Document Type: SYSTEMATIC REVIEW

Authors

1 Mashhad University of Medical Sciences, Iran

2 Shaheed Beheshti University of Medical Sciences, Dental school. Tehran, Iran

Abstract

 
Background: COVID-19 epidemic rapidly spread all around the world with over 1500 thousand infected cases and
95000 deaths. This rapid pandemic may overwhelm health care capacity and shortage of resources is a major concern.
Literature provided guidelines on management of COVID-19 patients but healthcare service to the normal population
should be continued meanwhile. Health system should act immediately and wisely to support essential surgical care while
fighting against COVID-19.
Methods: We conducted a comprehensive search in the major data bases since 2020, using the combination of MeSH
words of “COVID-19 “ and “surgery” and finally 34 full texts entered to data extraction phase to define a plan for surgical
practice during COVID-19 pandemic.
Results: Healthcare workers are at the higher risk of contamination by COVID-19 especially in early stage of outbreak
when they were not aware of the different aspects of COVID-19 pandemic.
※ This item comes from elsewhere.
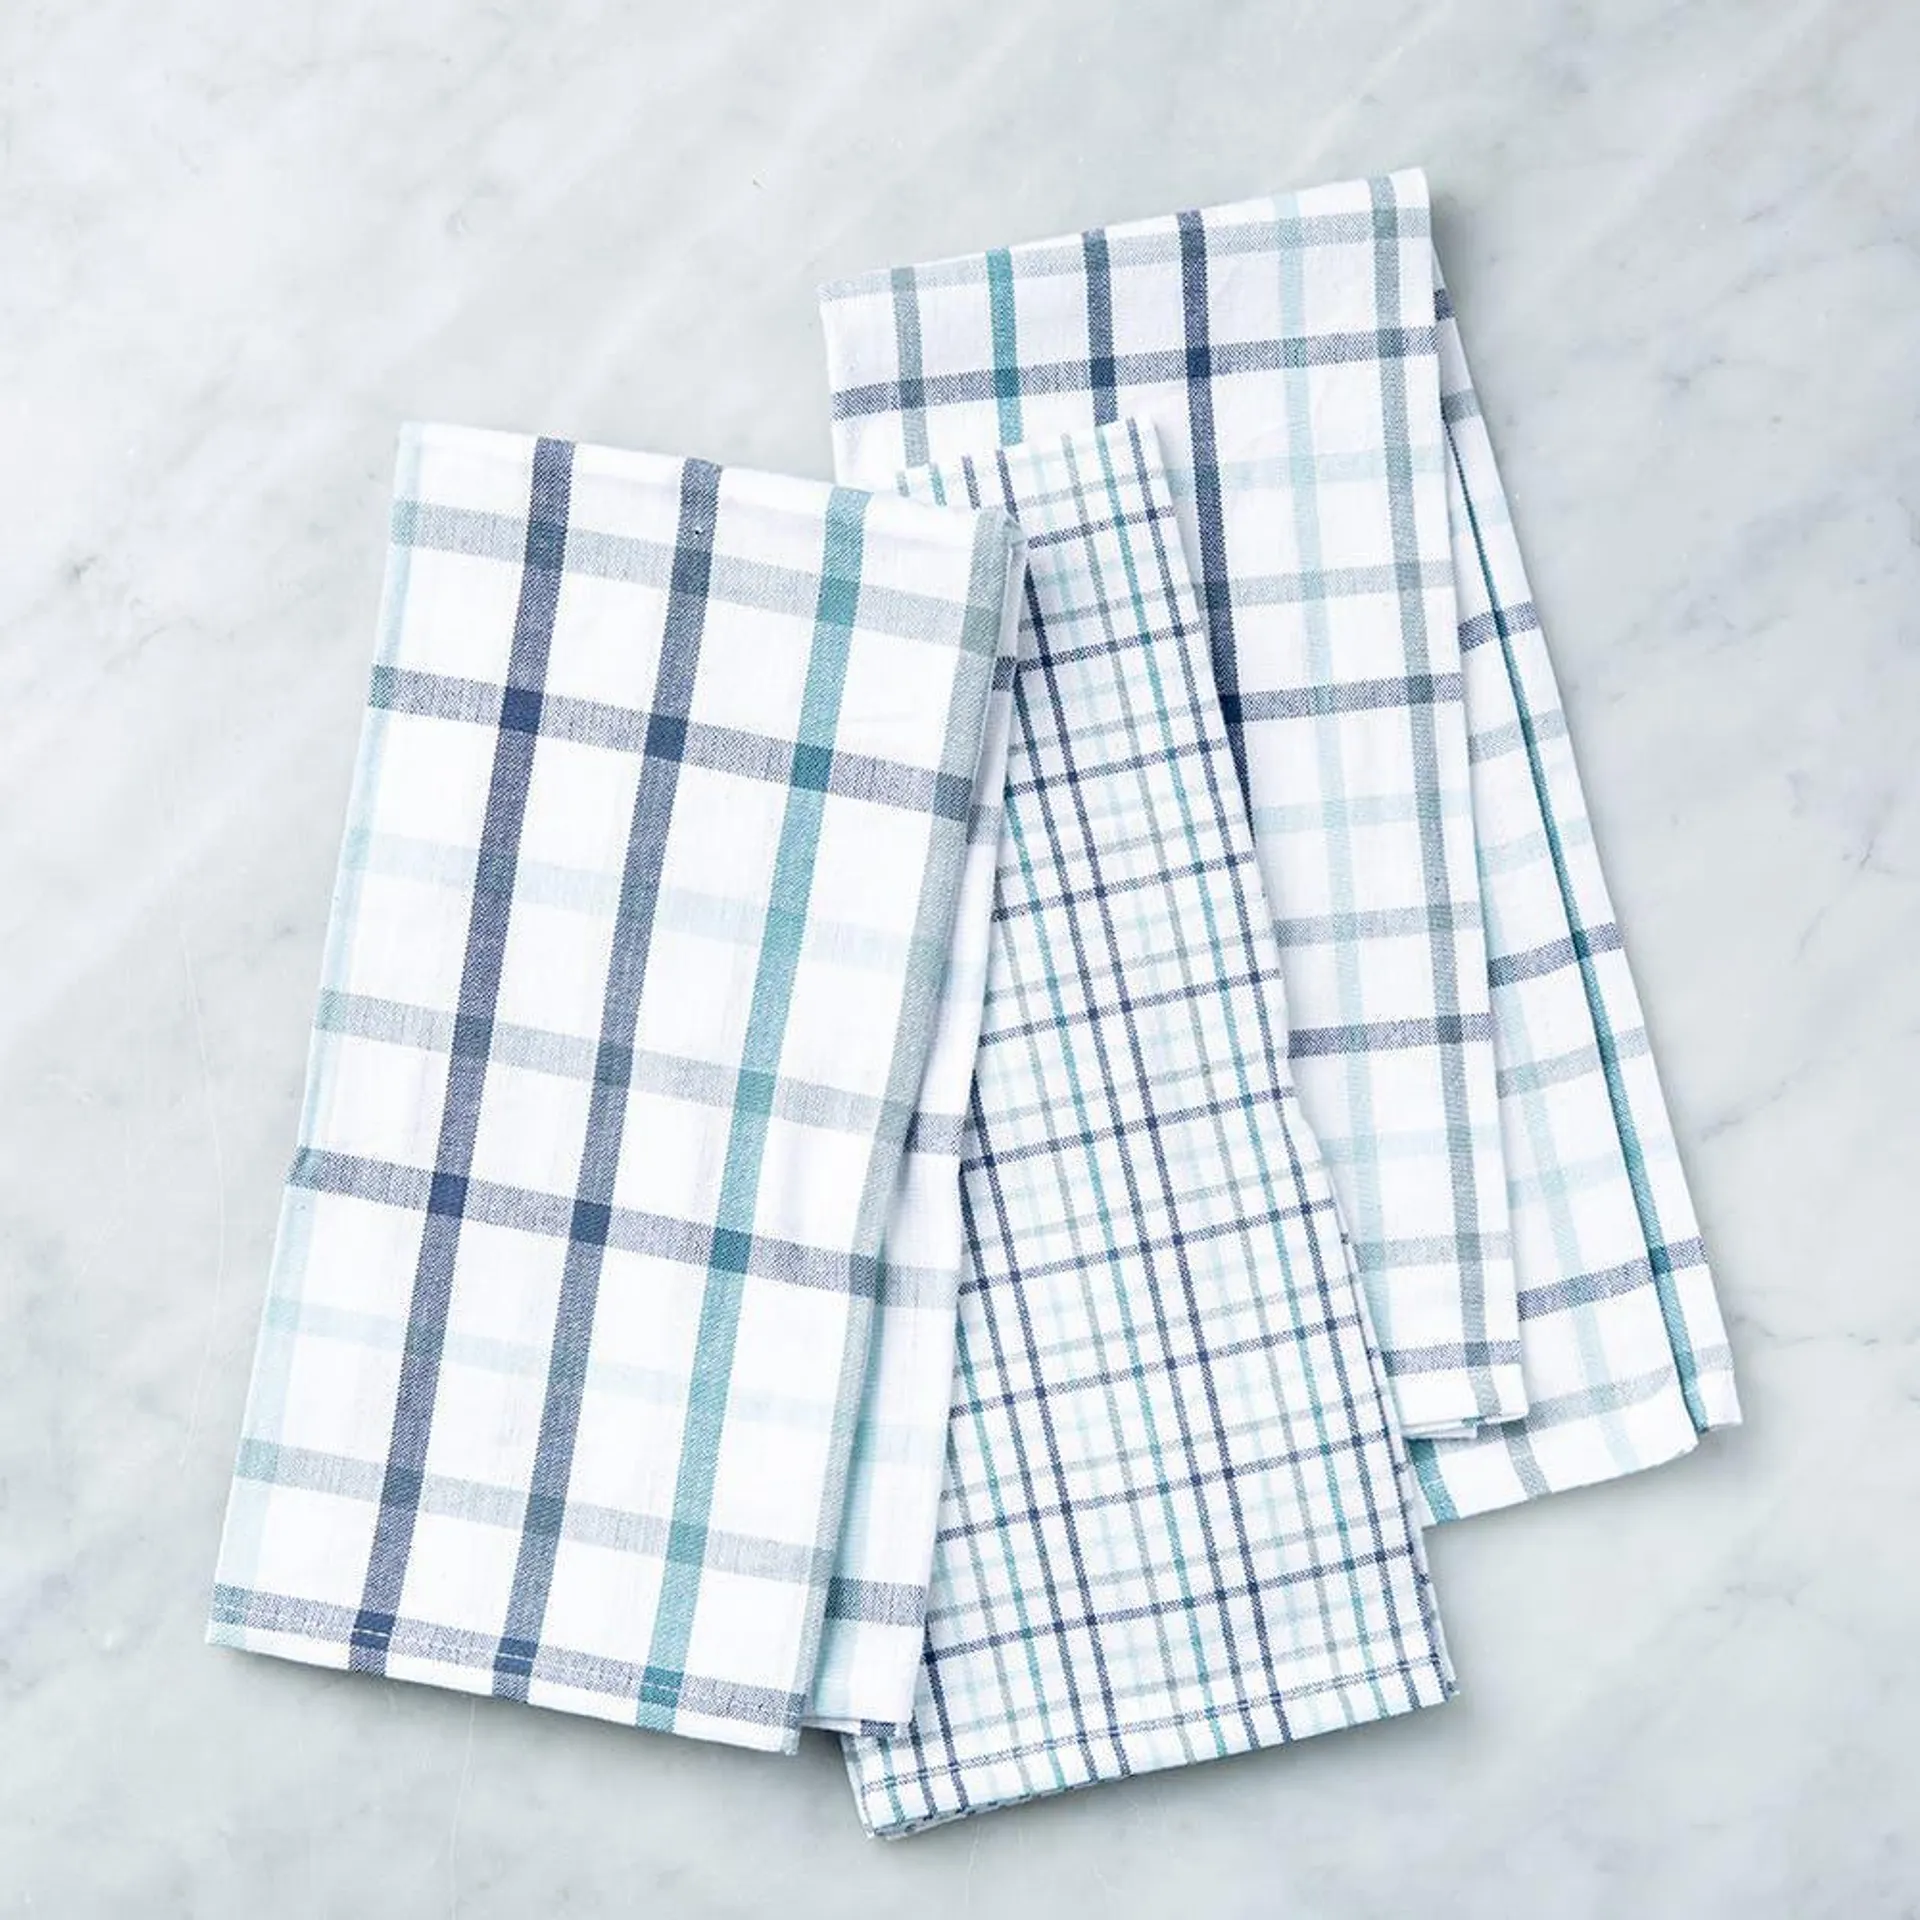 Harman Combo 'Catalina Check' Cotton Kitchen Towel - Set of 3 (Blue)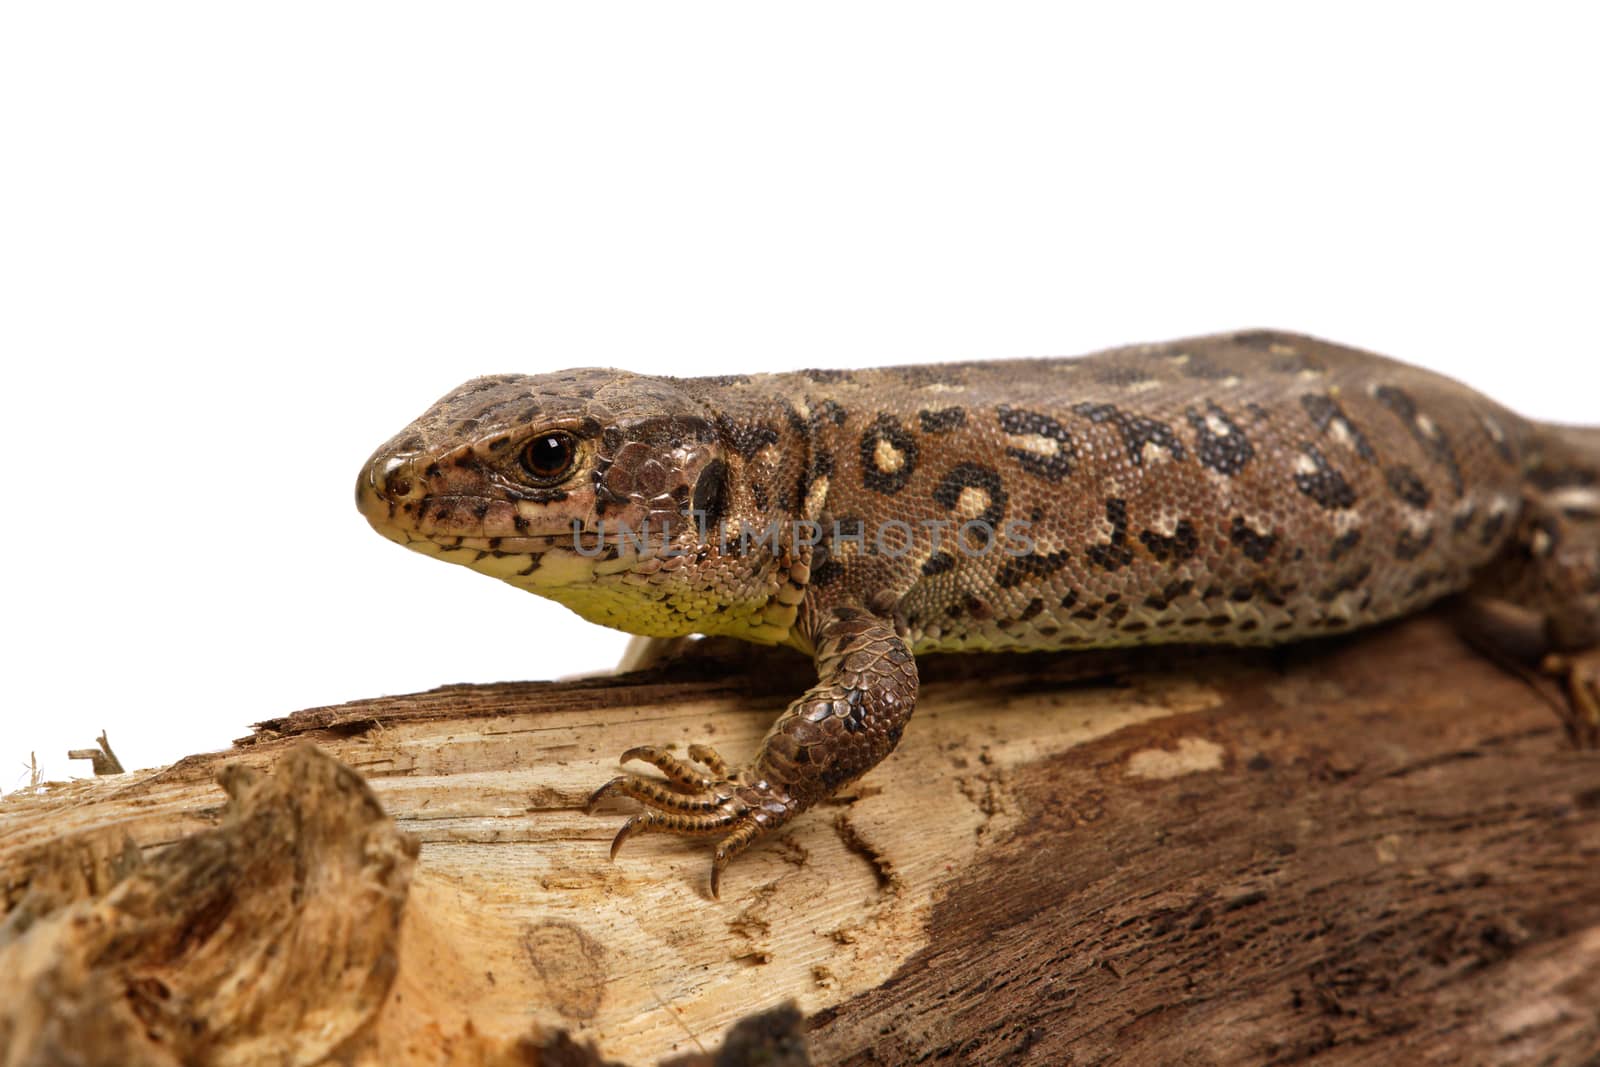 Lizard (Lacerta agilis) on a white background by neryx

All healthcare staff must be trained to
properly use PPE. All patients have to be screened at the hospital triage. All elective surgical interventions must be
postponed. Operation room is considered as a place with high risk of cross infection so the highest level of protection
should be maintained. Anesthesia, endoscopy and oral surgery are considered as aerosol producing procedures
with very high risk of contamination. There is not any evidence to support the risk of infection trough blood products.
Postoperative respiratory problems are more common among COVID-19 patients that may increases the estimated
risk of morbidity and mortality.
Conclusion: COVID-19 pandemic is a dynamic challenge for health system to save the healthcare staff and
equipment resources by timely decisions. Healthcare workers are at the higher risk of contamination by COVID-19
especially in early phase of epidemic when the protection is sub-optimal.